2023-01-08 20:27 问答作者：

I am trying to extract the content of a date element from many ill-formed sgml documents. For instance, the document can contain a simple date element like

<DATE>4th July 1936</DATE>

开发者_如何学Cor

<DATE blaAttrib="89787adjd98d9">4th July 1936</DATE>

but can also as hairy as:

<DATE blaAttrib="89787adjd98d9">4th July 1936
<EM>spanned across multiple lines and EM element inside DATE</EM></DATE>

The aim is to get the "4th July 1936". Since the files are not big, I chose to read the whole content into a variable and do the regex. The following is the snippet of my Perl code:

{
    local $/ = undef;
    open FILE, "$file" or die "Couldn't open file: $!";
    $fileContent = <FILE>;
    close FILE;

    if ( $fileContent =~ m/<DATE(.*)>(.*)<\/DATE>/)
    {
        # $2 should contain the "4th July 1936" but it did not.
    }
}

Unfortunately the regex does not work for the hairy example. This is because inside the <DATE> there is an <EM> element and it also spans multiple lines.

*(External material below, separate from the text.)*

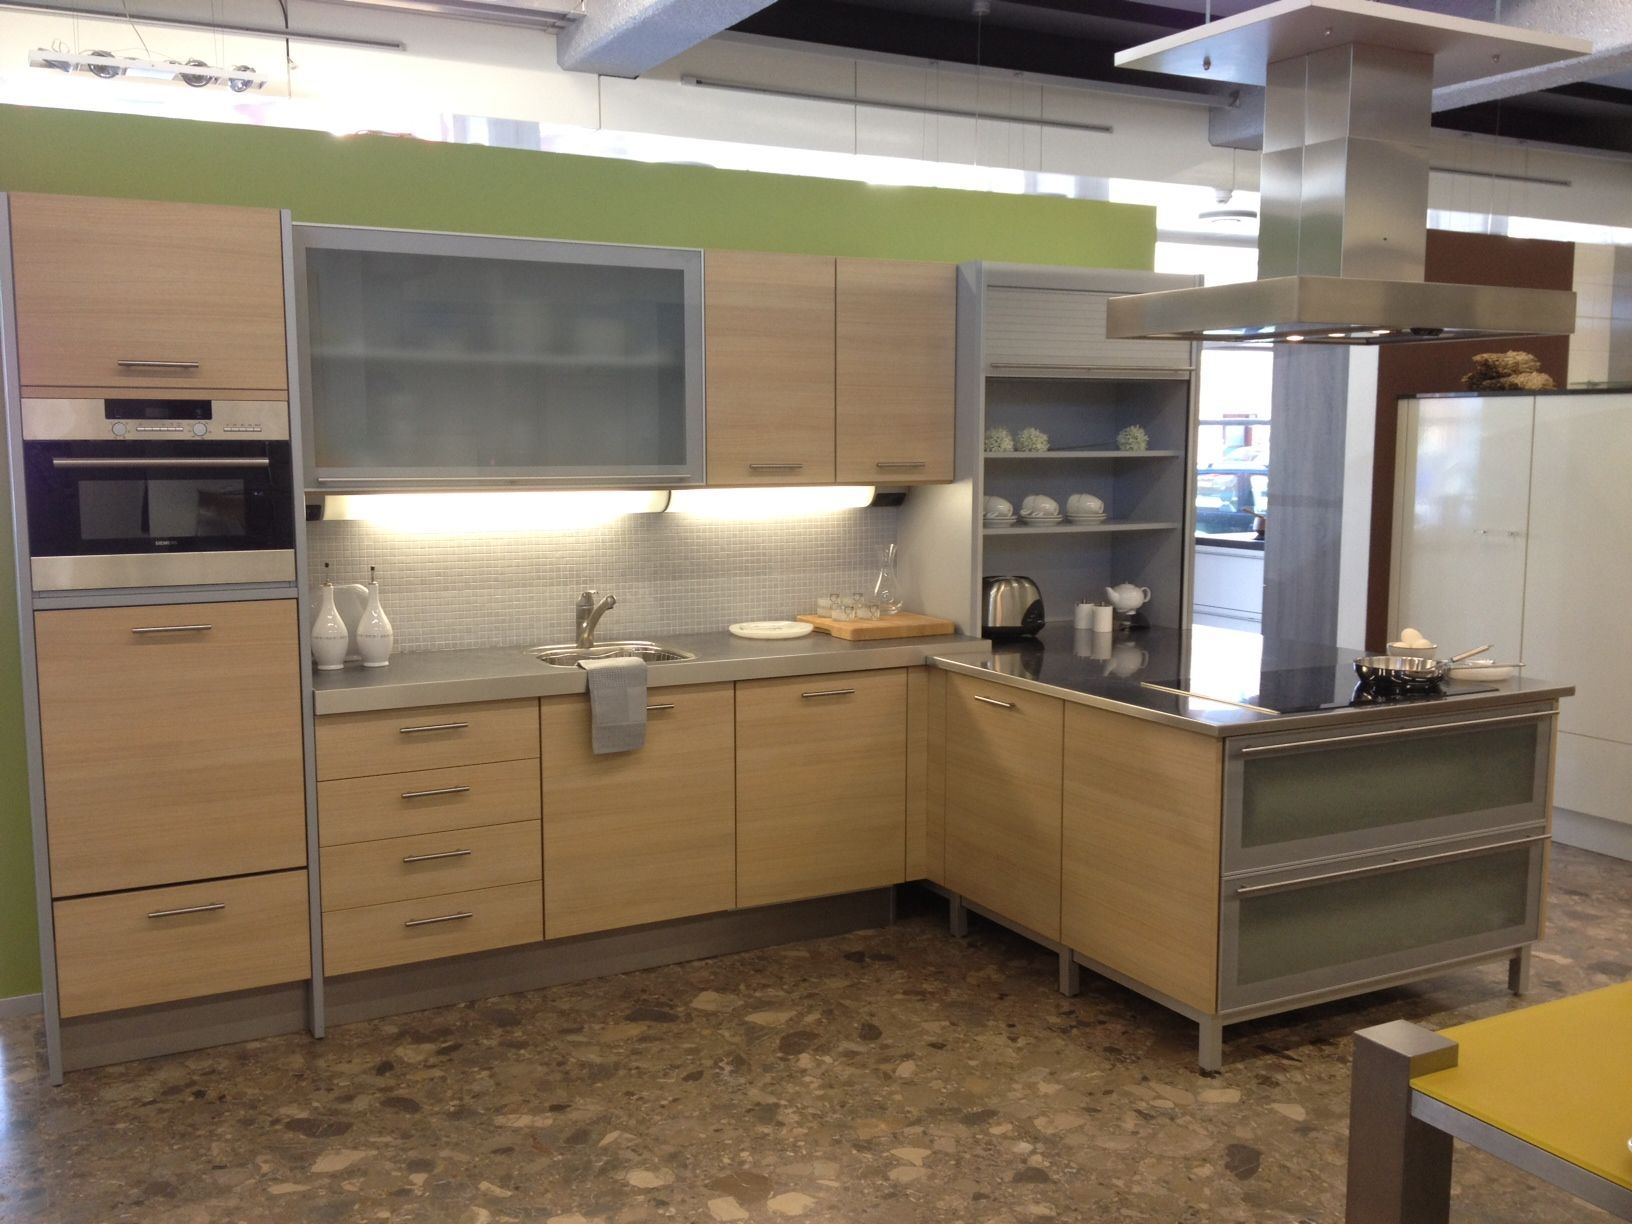 Keuken Plint Rvs : keukensite van Nederland Licht eiken/titaan hoek keuken [45352

Can any kind soul give me some pointers, directions, or clues?

Thanks heaps!

Use an XML parser if you can.

But from your example, probably you could try

if ($fileContent =~ m/<DATE[^>]*>([^<]+)/) {
  # use $1 here
  # you may need to strip new lines
}

If the date format is fixed, you might want to use something like this:

m/<DATE(.*)>([0-9]+(st|nd|rd|th)\s(January|February|March|April|May|June|July|August|September|October|November|December)\s[0-9]+)(.*)<\/DATE>/

instead of matching .*, you should match "everything that is not an anchor"

ie :


 if($string =~ /^<DATE[^>]*>([^<]+)</){

there, $1 is your date

Use an HTML parser.

Please, use an HTML parser.

But for a regex, I'd try

<DATE(.*?)>(.*)<\/DATE>

which should be faster than KennyTM's alternative... By the way, why are you capturing that second group?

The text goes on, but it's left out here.